There is a very interesting essay written by Tim Keller at Redeemer Report: The Bible and same sex relationships: A review article.
Keller wrote this report in answer to the two most vocal “gay” Christian authors who have written their own books on the subject.
Excerpt:
Vines, Matthew, God and the Gay Christian: The Biblical Case in Support of Same Sex Relationships, Convergent Books, 2014
Wilson, Ken, A Letter to My Congregation, David Crum Media, 2014.
As Bible-based Christians, we need to be armed with biblical arguments against those (especially “gay Christians!”) who are trying to create their own ideological case in support for that which is clearly forbidden in Scripture.

Several weeks ago, I started to listen to a rebuttal against Matthew Vines, whose self-identification label is listed as a “Gay Christian.”
I must admit, this man’s discussion was quite refreshing because he spoke of those who oppose his views with cordial respect. This is entirely unlike the radical homosexual activists who verbally blast, hatefully abuse, erroneously sue, and viciously disparage Christians (or anyone else) whose deep religious beliefs encourage them to hold to God’s idea of marriage as being between one man and one woman. The video I was watching was very, very long, and I did not complete it. Perhaps I can locate it again and share a link to it within this post for anyone interested in the back and forth between Vines and the biblical marriage traditionalist.
For now, here at Talk Wisdom I will share some significant excerpts, including the subtopics being discussed at the Redeemer.com site. You can follow the link above to read the entire essay.
Excerpts:
1. Knowing gay people personally.
In this portion, the idea that homosexuality is a sin that cannot be forgiven by God is shown to be incorrect, (and THAT incorrect notion could also be considered a form of bigotry) but it can’t be used to say that Scripture approves of homosexual behavior.
So I say good riddance to bigotry.
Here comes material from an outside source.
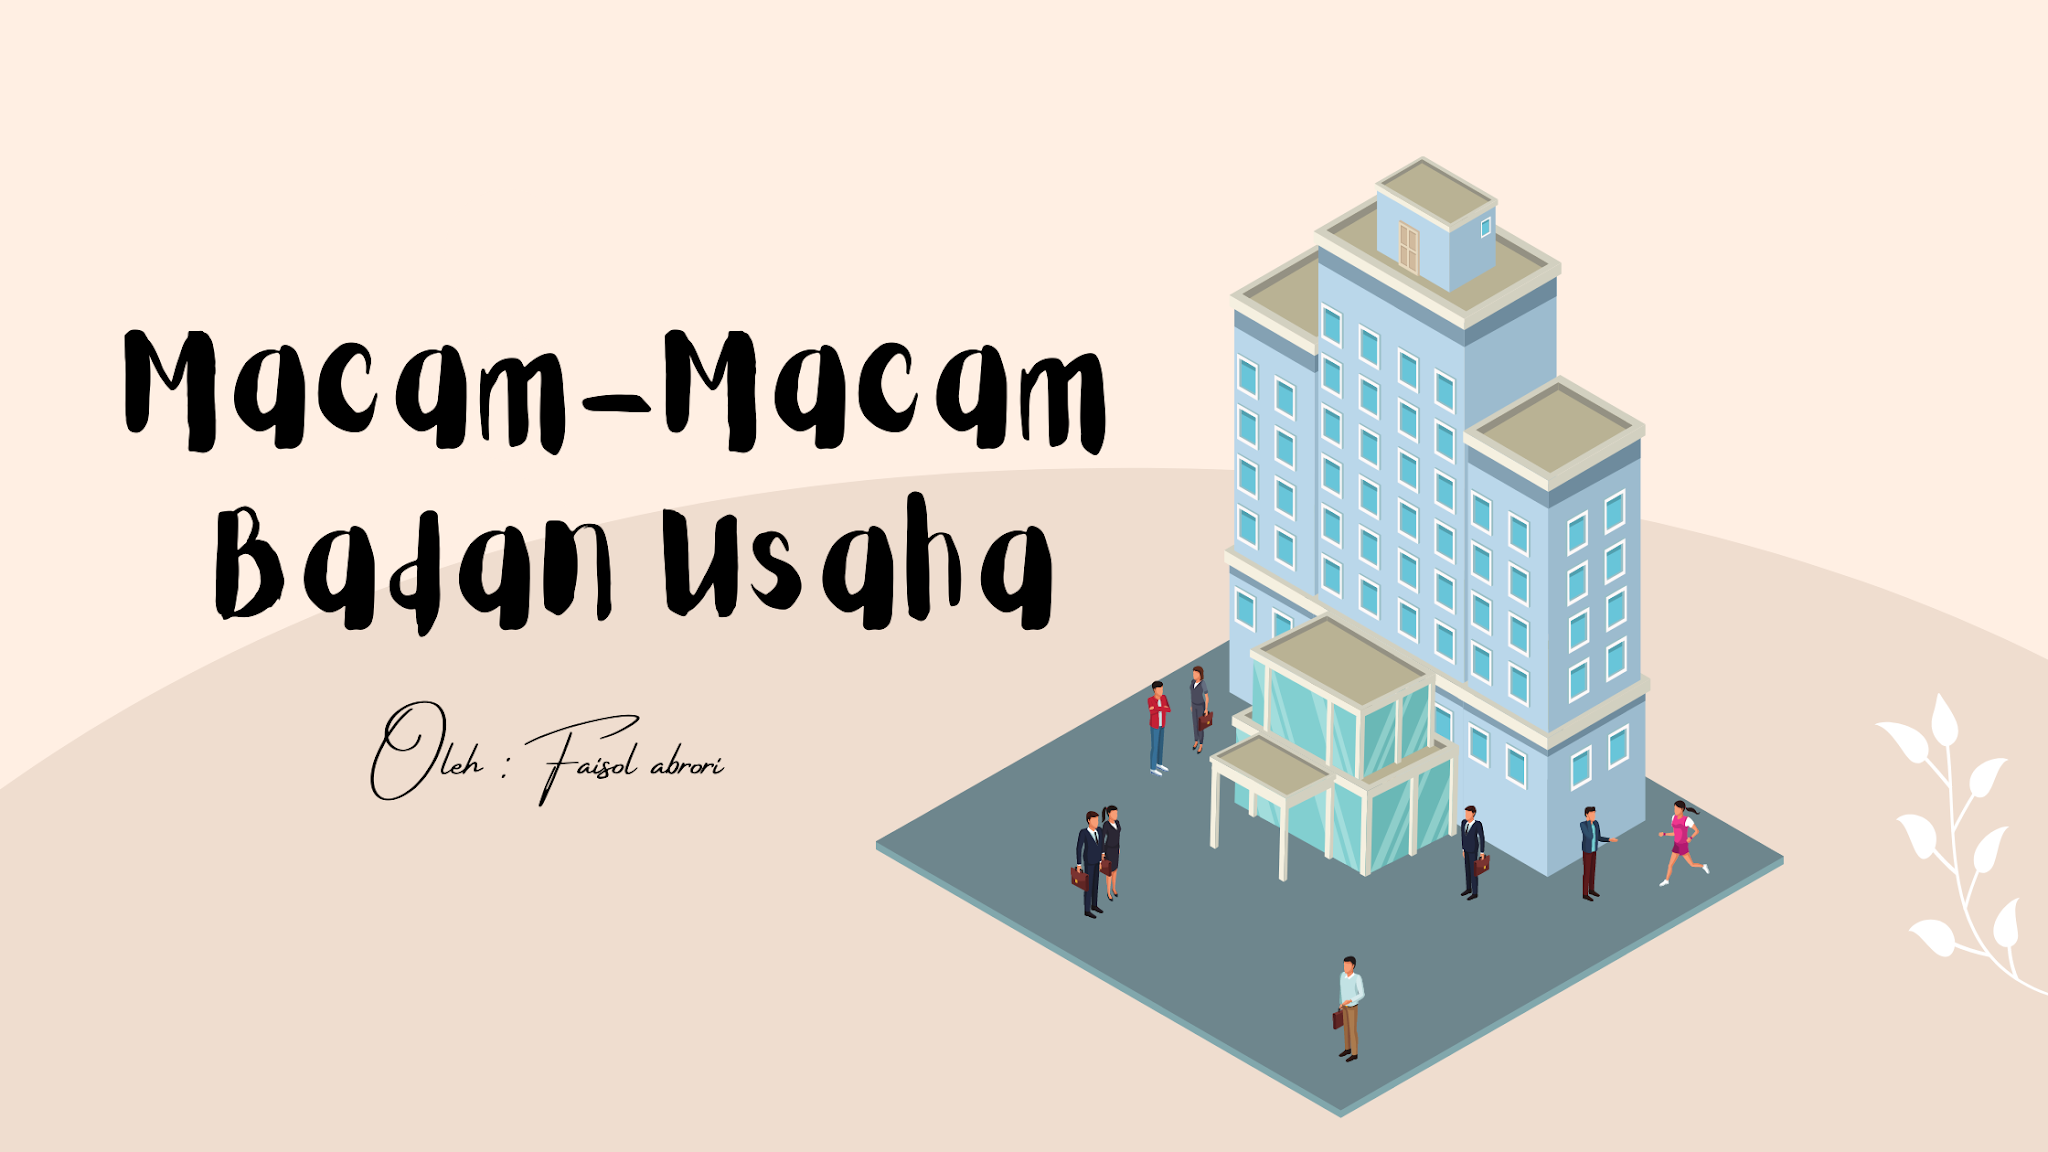 Macam-Macam Badan Usaha di Indonesia

However, the reality of bigotry cannot itself prove that the Bible never forbids homosexuality. We have to look to the text to determine that.
2. Consulting historical scholarship.
This is highly significant! Read it all at the link, but here is the conclusion based on the evidence:
I urge readers to familiarize themselves with this research. A good place to start is the Kindle book by William Loader Sexuality in the New Testament (2010) or his much larger The New Testament on Sexuality (2012). Loader is the most prominent expert on ancient and biblical views of sexuality, having written five large and two small volumes in his lifetime. It is worth noting that Loader himself does not personally see anything wrong with homosexual relationships; he just — rightly and definitively — proves that you can’t get the Bible itself to give them any support.
Mr. Loader should be commended for his honesty!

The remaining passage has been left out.